More reasons you can’t accept this P0420 diagnosis: you engine coolant temperature sensor could be faulty. But that should set a DTC also, right? Yes. But just like O2 sensors, it can lie for a bit before the criteria are met for it to set a DTC and have it’s data disregarded. So you check that: it’s pretty simple….you read the live data and compare it to another coolant sensor you have installed or the readings of an IR thermometer that has been appropriately placed. How about another problem? Retarded spark timing. If your are actually knocking from fuel that is too low of an octane, incorrect or damaged spark plugs, etc the timing is going to get “pulled” by the ECU. The fact that the ECU is doing this should preempt the P0420 code, but this won’t always be the case, as the time overlap may not be great enough. And, let’s face it, this is software. It’s imperfect and you aren’t exactly running Windows Update on it once a week. Things just don’t get fixed and mechanics who are familiar with your particular model car/ECU will probably be aware of these types of issues. Now onto another one: exhaust leak. If you have a leak in front of your upstream sensor if just might cause a P0420. Conversely, if you have a leak in front of the downstream but behind the upstream it could actually MASK a failing catalytic converter from the ECU/sensors.

So here we are with what seems like a pretty simple DTC to diagnosis, yet we have 3 or 4 things, all of which are either or both cheaper or more likely to be the issue. All of which require different methods to test and eliminate. All of which require actual knowledge of how a motor works, what and where the sensors read, and how an ECU interprets and uses that data to be of any diagnostic value to you.

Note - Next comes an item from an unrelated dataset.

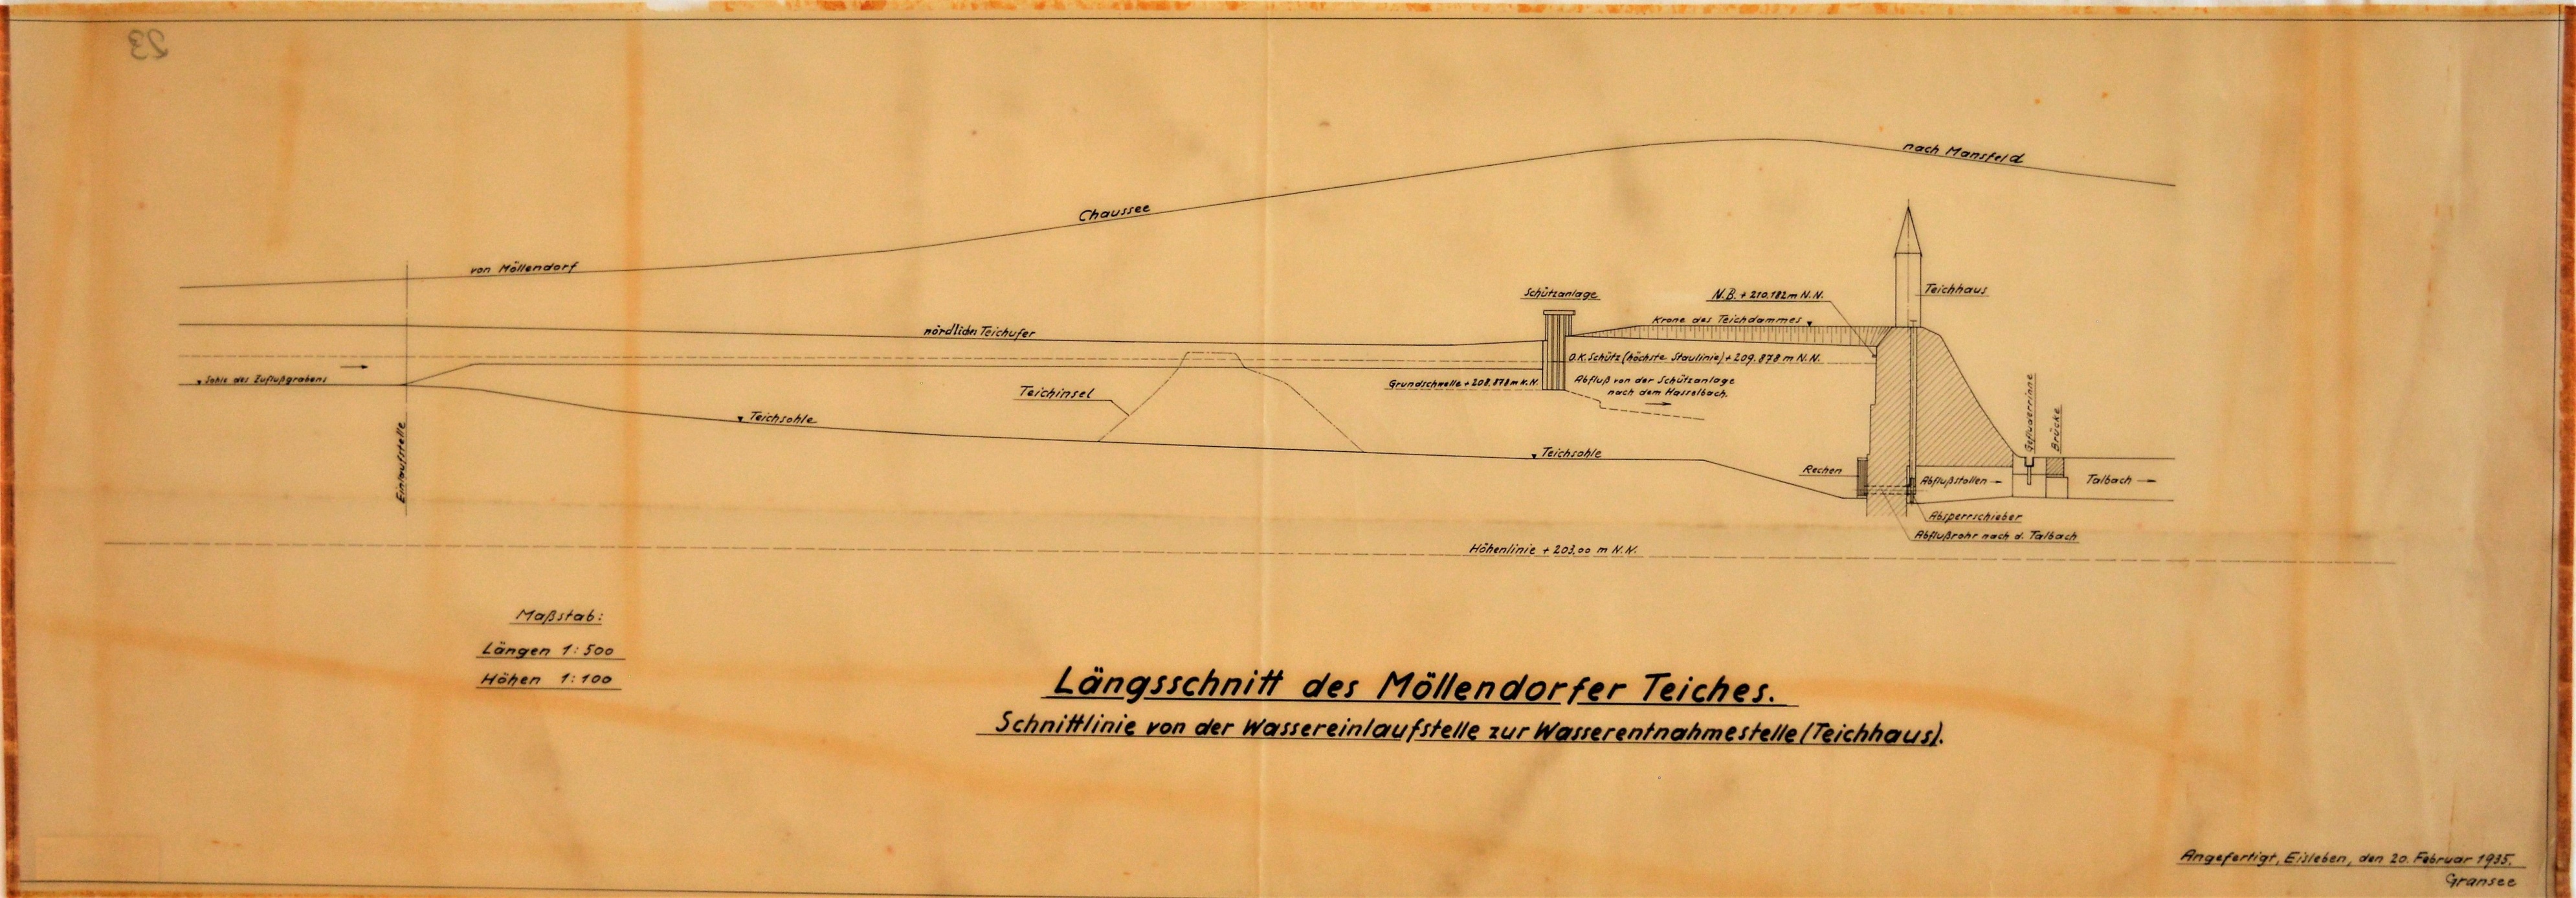 Längsschnitt des Möllendorfer Teiches. Schnittlinie von der Wassereinlaufstelle zur Wasserentnahmestelle (Teichhaus). (Mansfeld-Museum im Humboldt-Schloss CC BY-NC-SA)

This is why the articles of late in regards to “Ban the Check Engine Light” are both short sighted and ignore the larger issue: DTCs are NOT diagnoses. They are often little better than vague pointers to a specific line of troubleshooting. Improving the “accuracy” of these indicators, or making a car that was truly self-diagnosing would take so many sensors and redundant systems to check the validity of the data that it would be impractical both technically and financially with what he have available today.

So there you have it. Even though we have these wonderful data gathering devices in every car made past 1997 or so you still need someone who knows what they mean, because you simply can’t accept their output at face value. Fortunately, if you’re reading this you are probably the kind of person to ask questions and learn much of this for yourself. Car specific forums are often very good for this, as certain DTCs tend to correspond with certain known problems that are make/model specific.

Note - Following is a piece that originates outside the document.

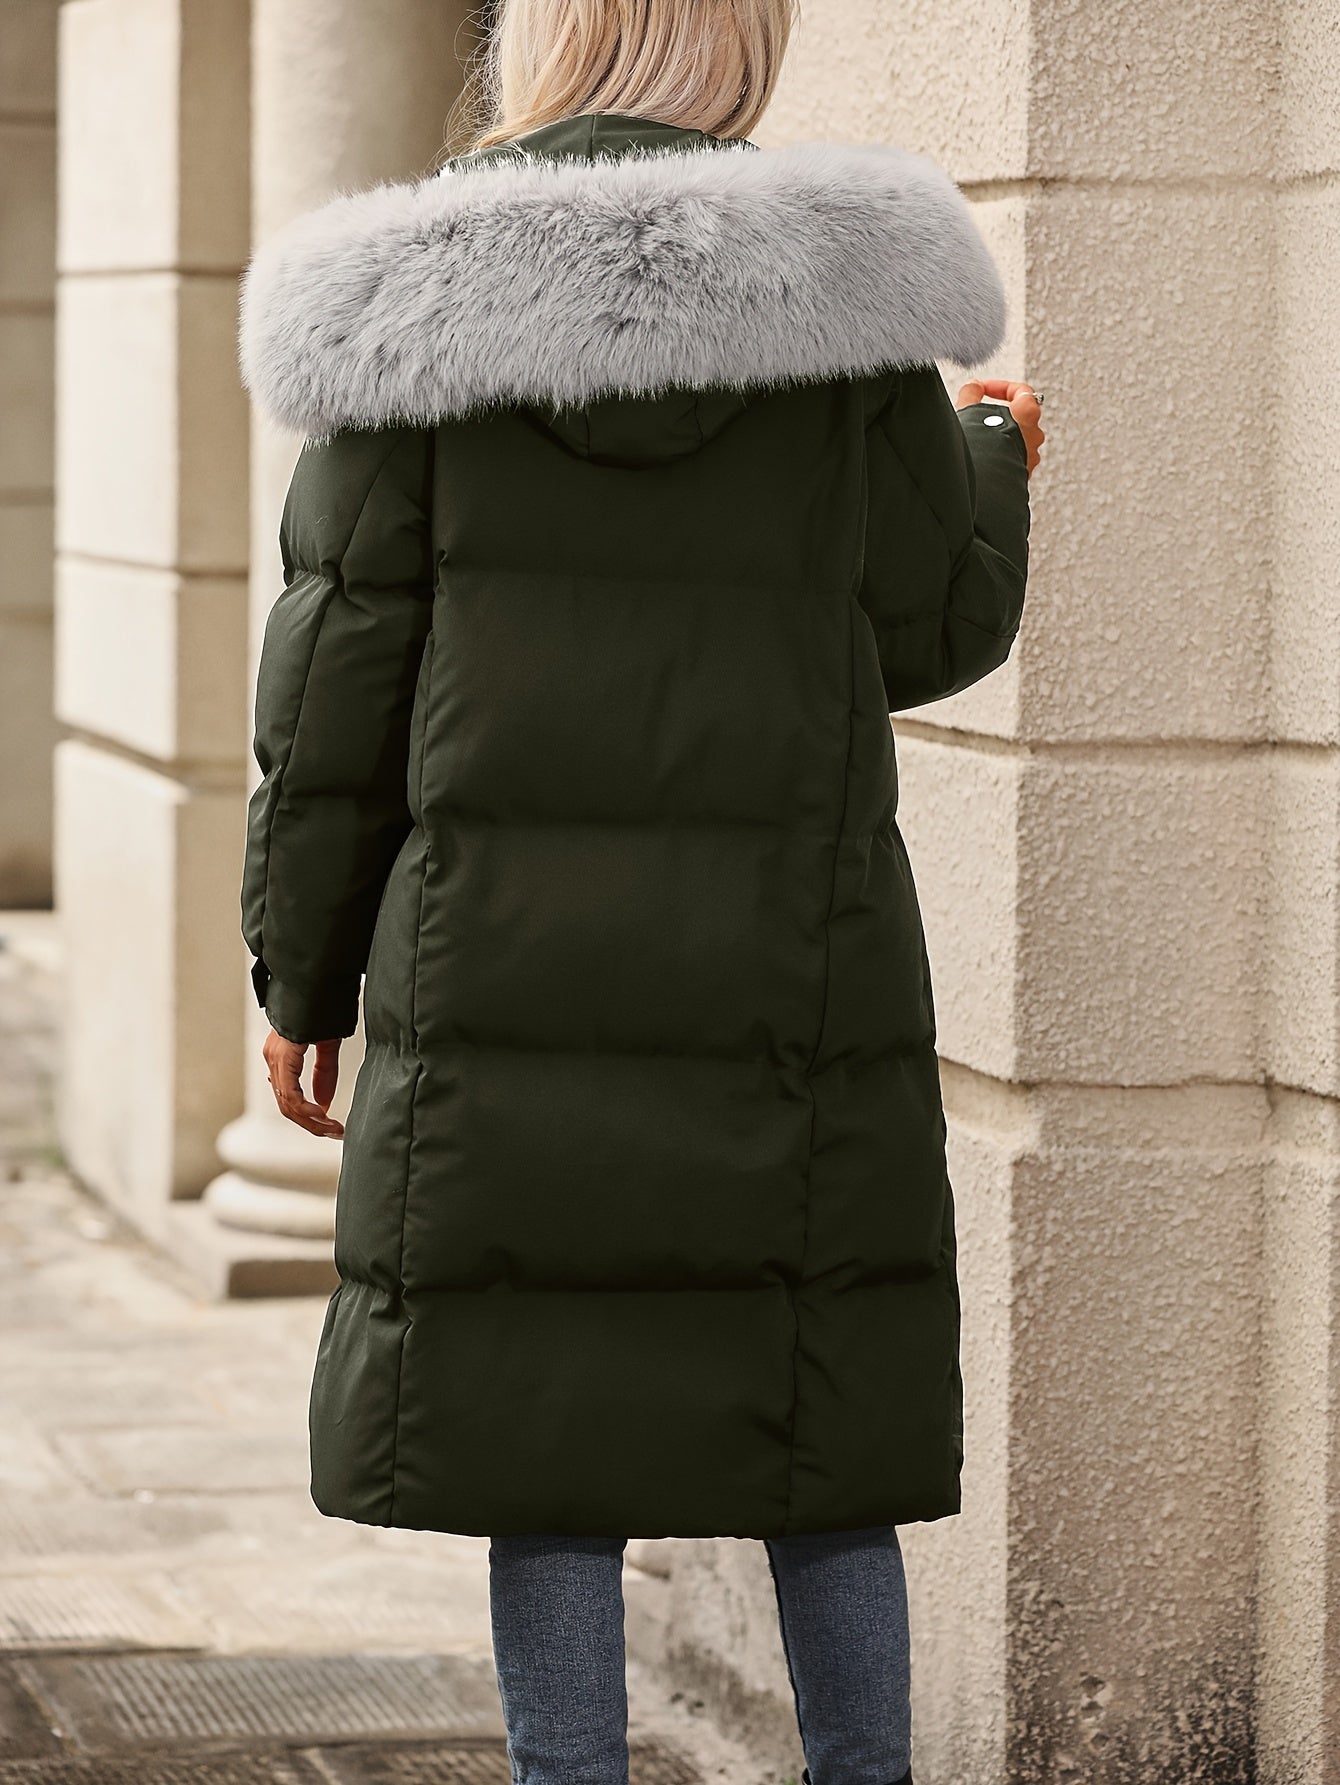 Flauschiger Winterkapuzenmantel - Lässige Damenbekleidung für kalte Tage. - Snatch

I’ve skipped over a lot here, but the intention was to give people who are just starting out wrenching or running to a parts store to have their codes read some insight on what they actually mean and hopefully save them some money on incorrect parts and the time it takes to replace them.


One response to “How (not) to use DTCs (check engine codes) to diagnose problems”

  1. Morris Avatar

    Thank you for this information. I personally have chased that P0420 code all over a car that I previously owned.

    I am now having an issue with my MIL coming on with no DTC’s being stored. It always resets itself after a while, but this seems to be a malfunction of the computer itself. Any advice?